On multivariate analysis, those whose cognition scores improved had had poorer scores at baseline. So there may be some regression to the mean. Though pxs living independently had better cognition at baseline, those living in supported housing were less likely to show decline over the period of follow-up, perhaps because of greater access to services.
Although an estimated 8% of the human genome is of retroviral origin, acquired during millions of years of primate evolution, most of it is now junk. It has been inactivated by mutation or epigenetic processes such as methylation. But what if some of it is capable of re-activation, perhaps by infections during embryonic development?

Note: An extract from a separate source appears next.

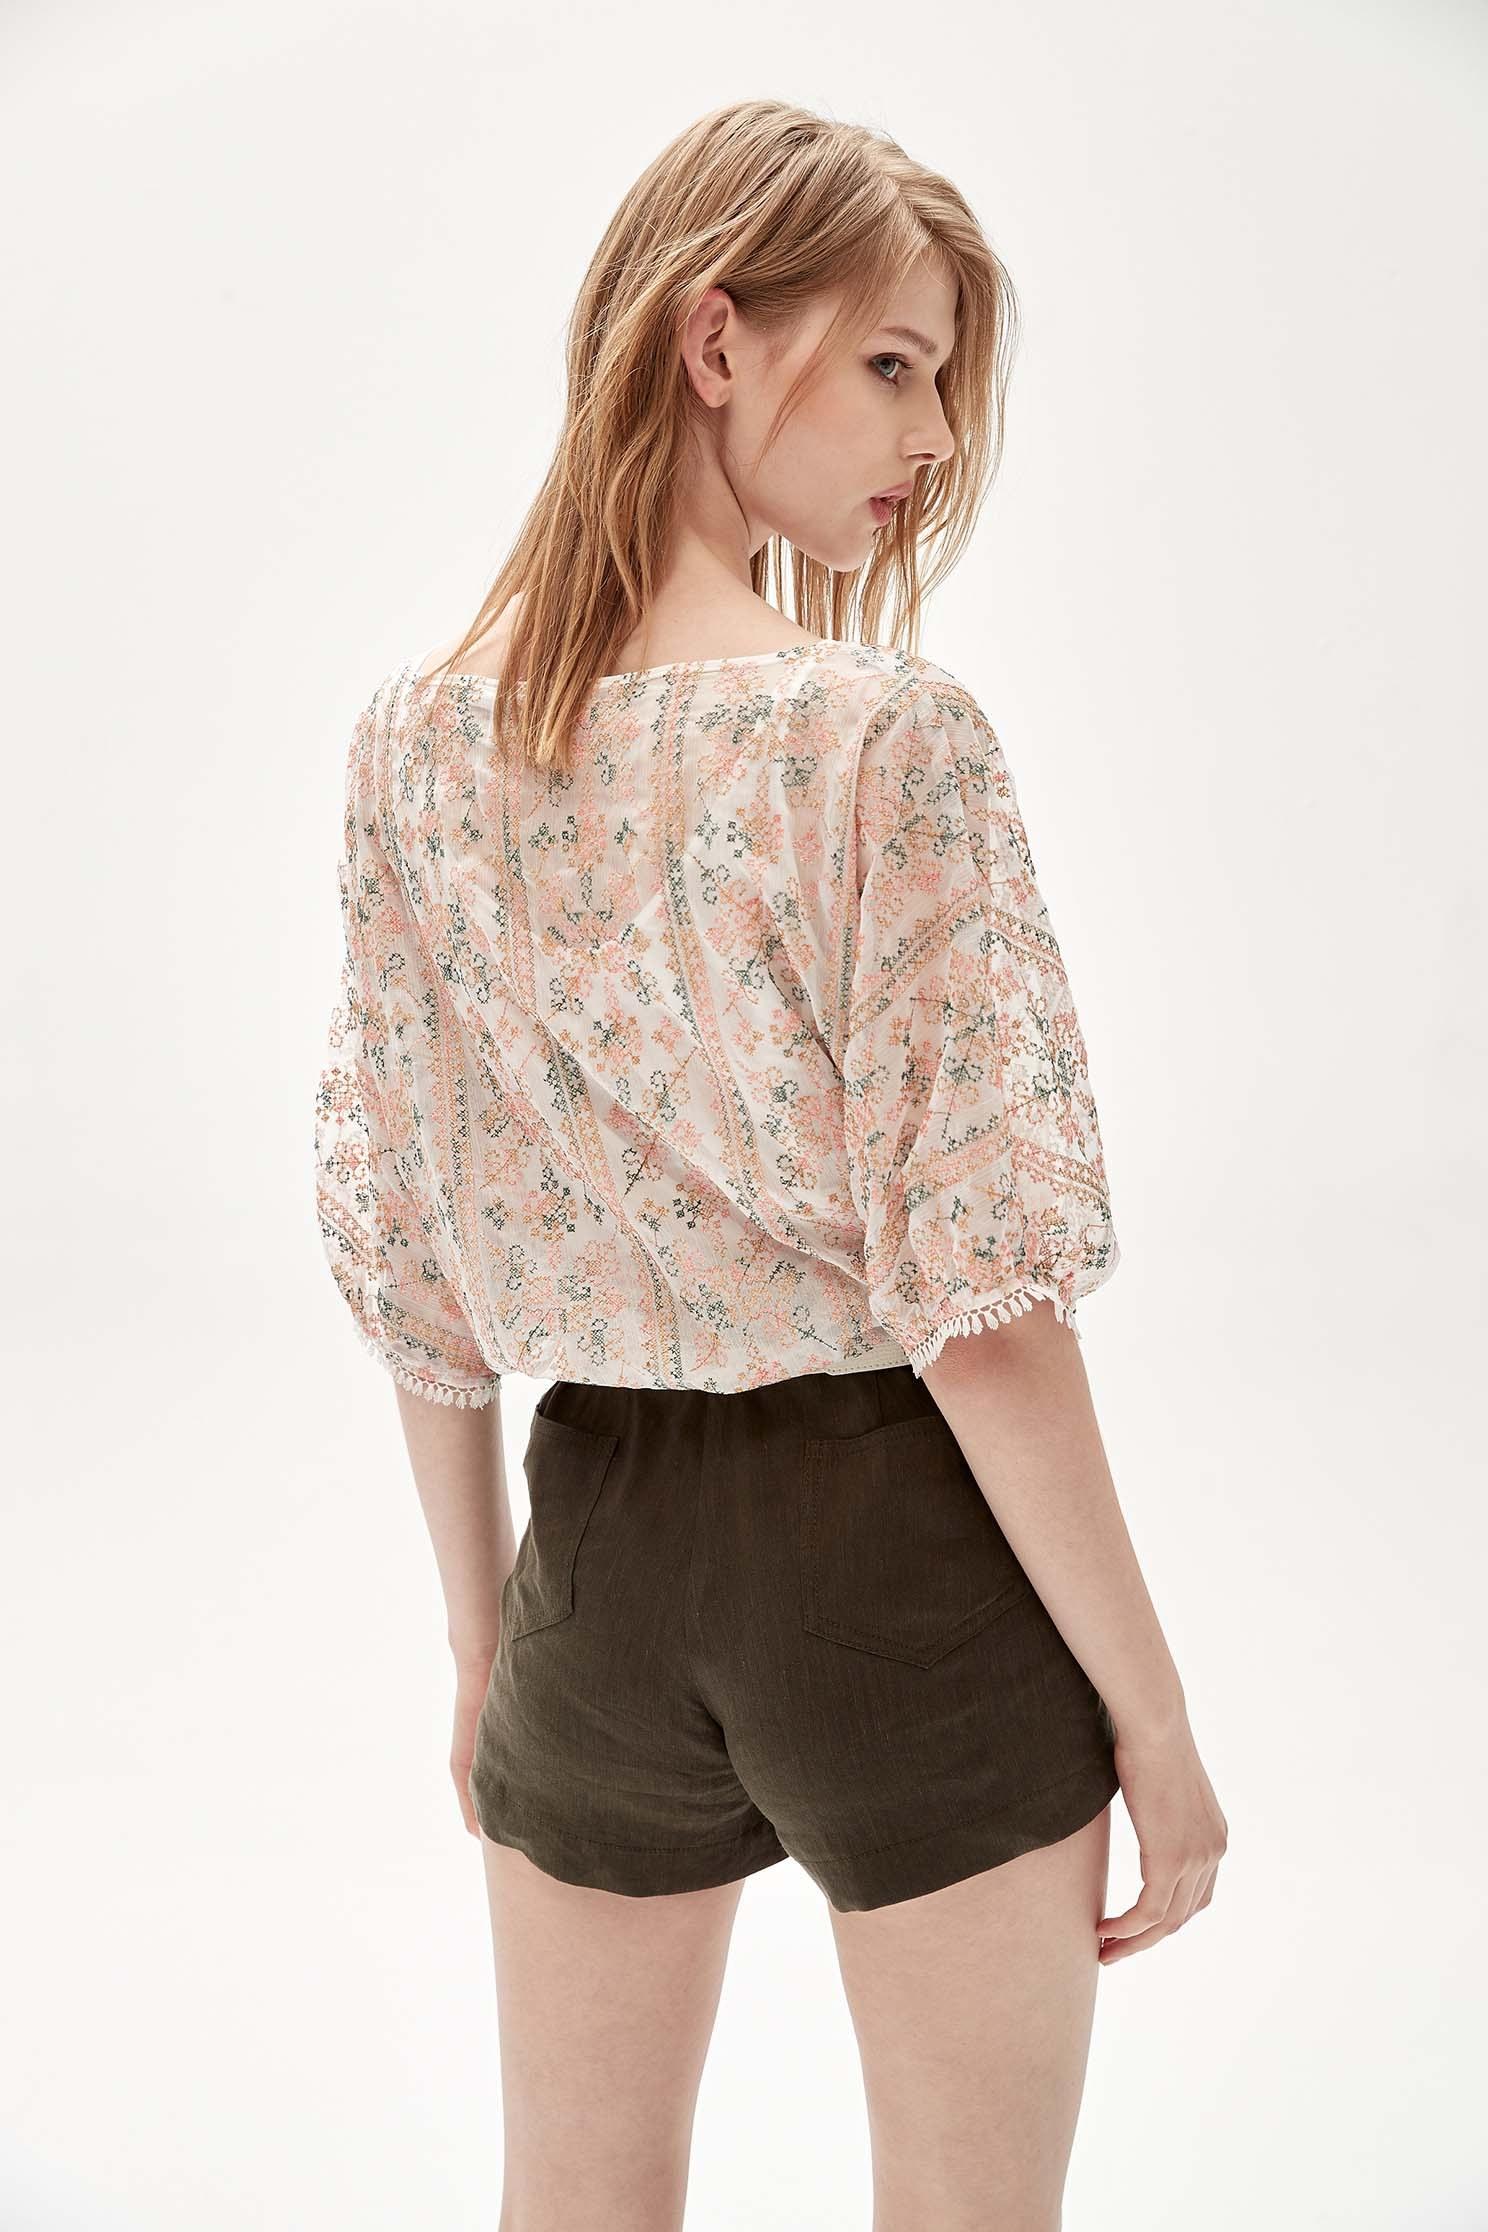 Darted waist cotton and linen shorts,Shorts,Season (AW) Look,Belts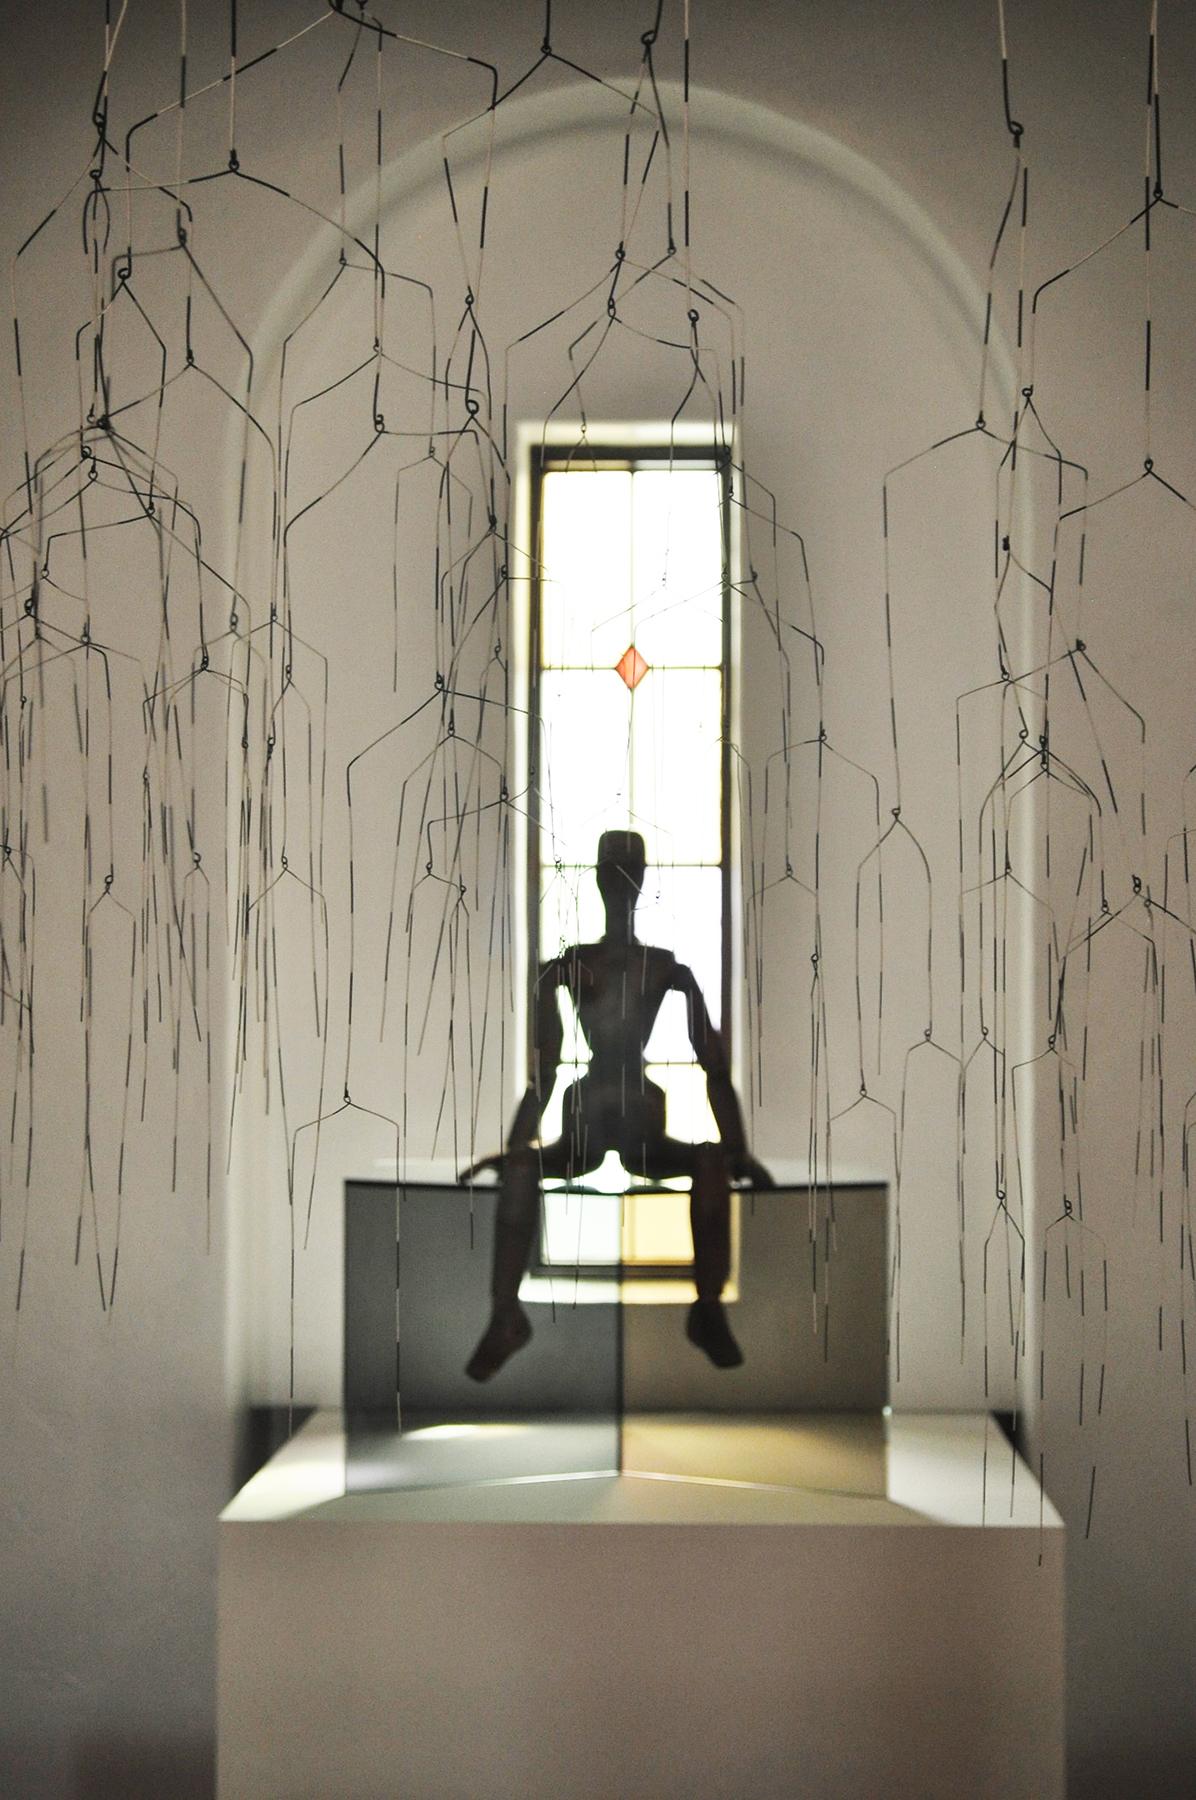 siglo-moderno-sculpting-7.jpg

Though he repeatedly acknowledged that the idea is highly speculative, Awais Aftab (Case Western Reserve University, Cleveland, Ohio, USA) presented the argument that Human Endogenous Retroviruses (HERVS), particularly the HERV-W family, may play a malign role in the causation of schizophrenia.
There is evidence that HERV-W nucleotide sequences are more common in those affected with schizophrenia than in controls. The HERV-W envelope protein seems to activate production of inflammatory cytokines, which might contribute to the inflammation story in schizophrenia. And infections linked to schizophrenia can activate HERV-W elements, perhaps through demethylation of relevant genes.
In combination with genetic predisposition and environmental factors, archaeological remnants of millennia-old viral RNA could set the developing brain on the path towards schizophrenia and so provide a missing link in causation, at least in some patients. It is a suggestion worth considering.